**** RECORDS TO USE

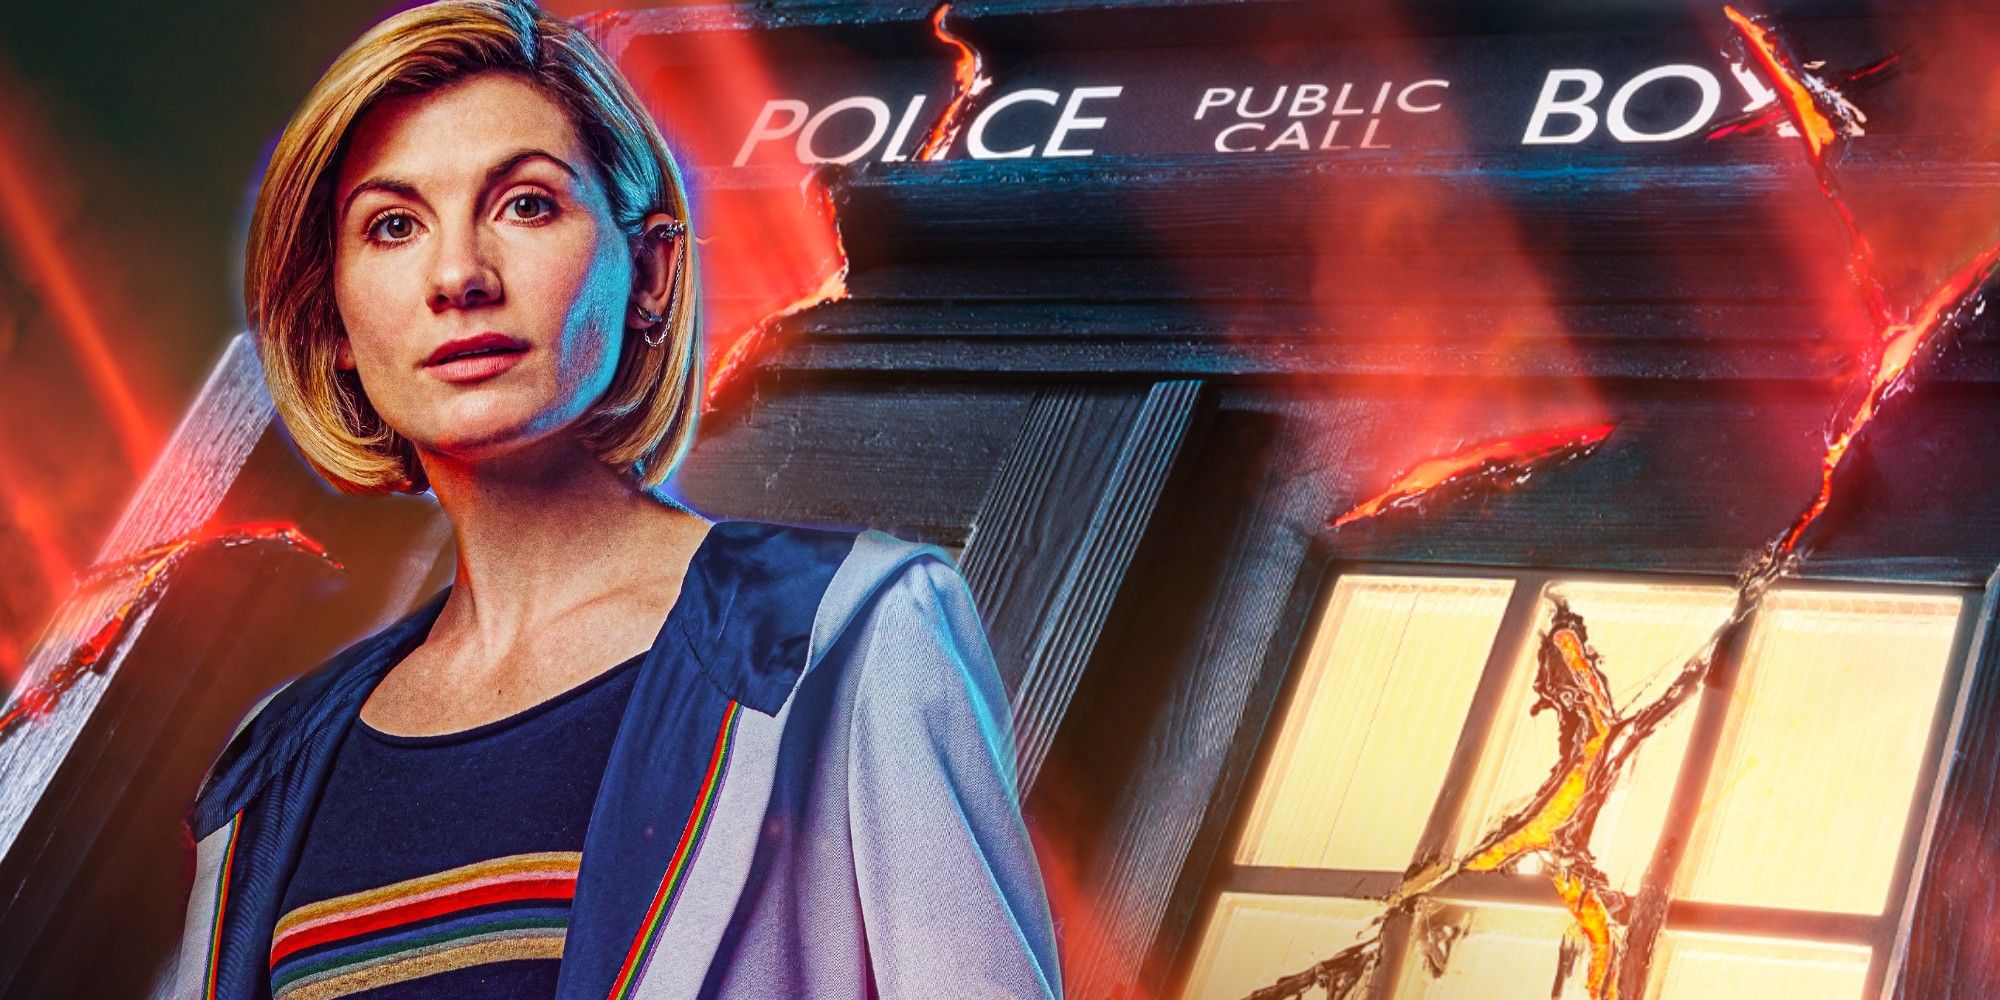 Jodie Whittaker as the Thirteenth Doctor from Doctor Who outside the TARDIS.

********
**** RECORDS TO USE

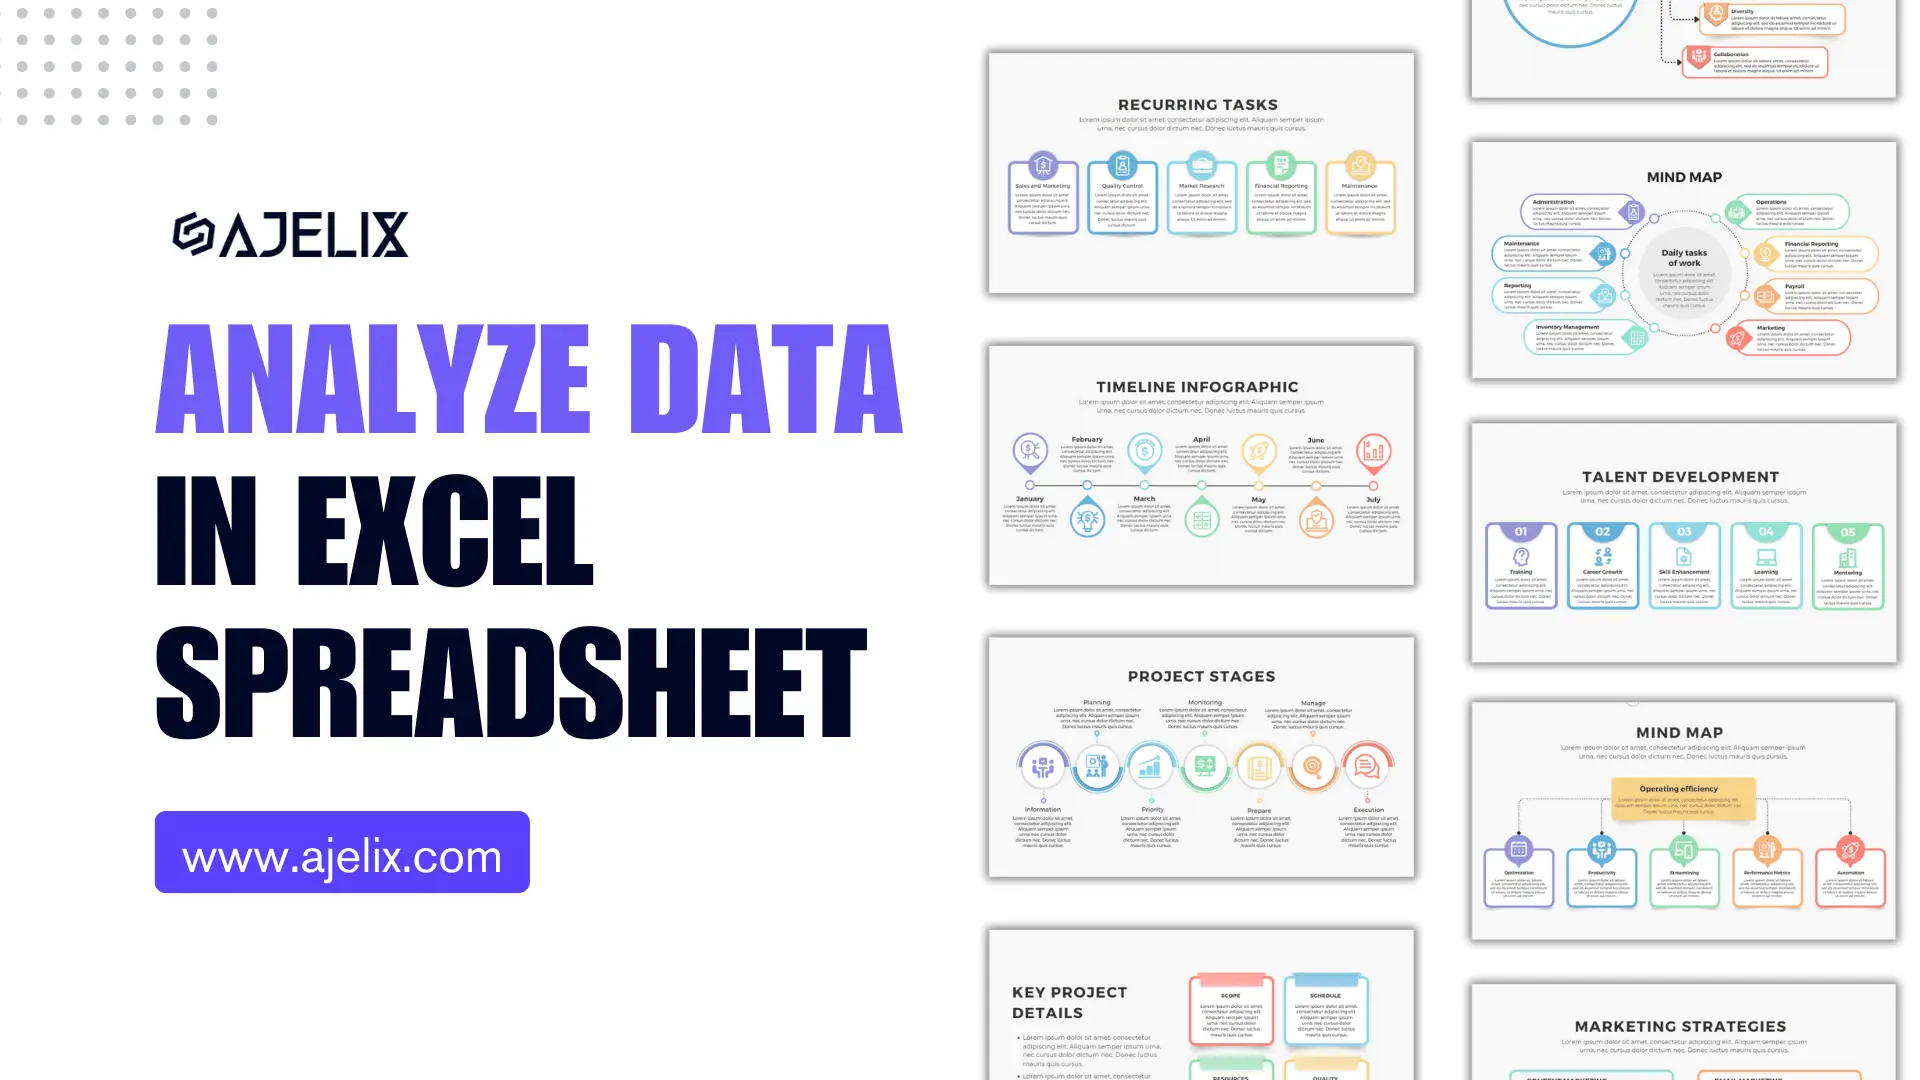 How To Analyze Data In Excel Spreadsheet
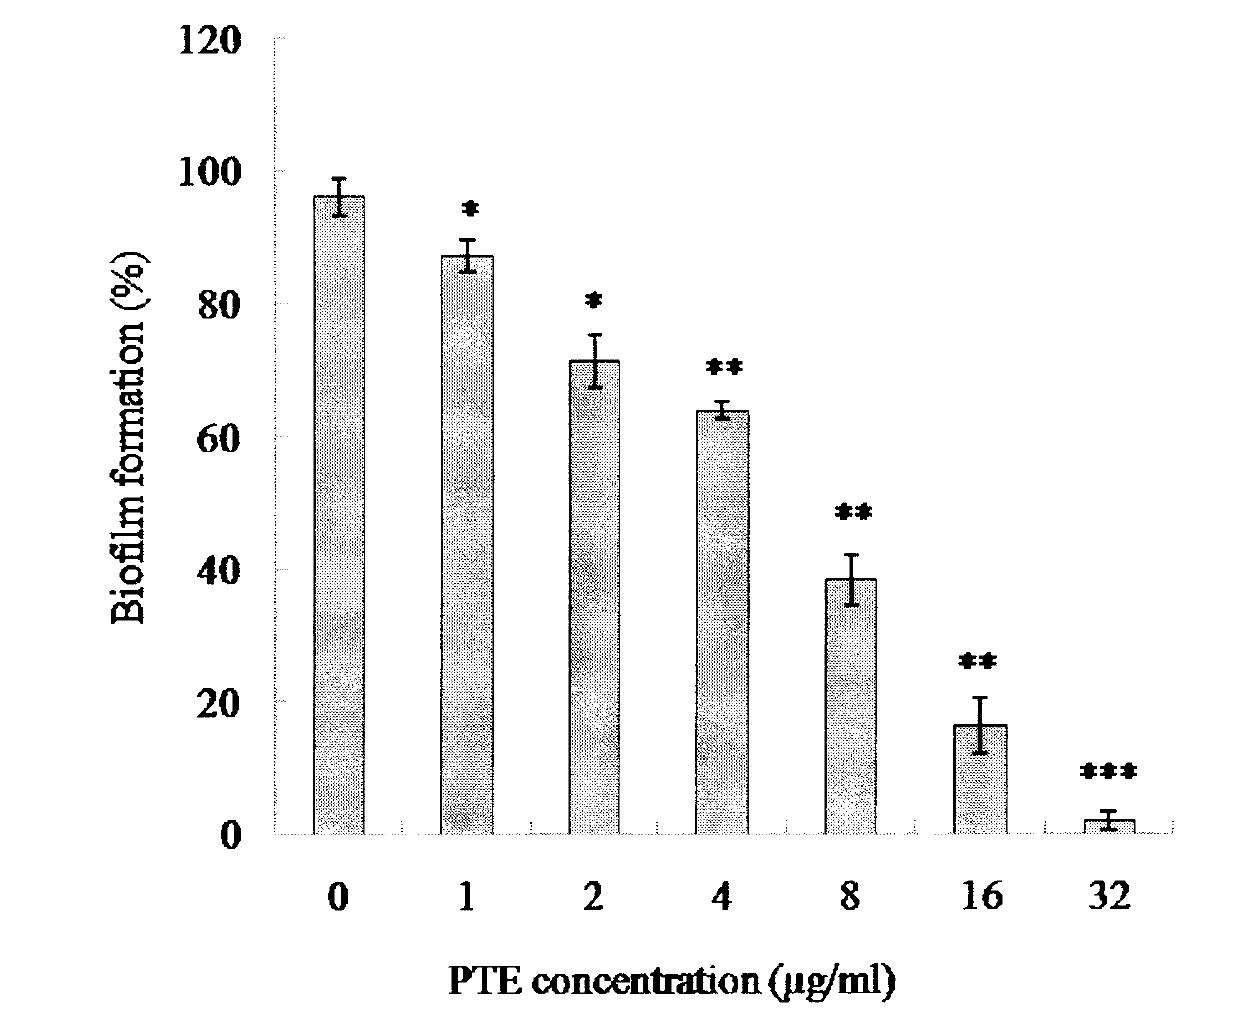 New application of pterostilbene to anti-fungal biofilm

********

_WHAT THE EXERCISE ASKS_. Leaving pictures out, output the lines of the data above from the one with "How To Analyze Data In Excel Spreadsheet" through the one with "New application of", word for word.

_OUTPUT FOR THIS EXERCISE_.
 How To Analyze Data In Excel Spreadsheet
 New application of pterostilbene to anti-fungal biofilm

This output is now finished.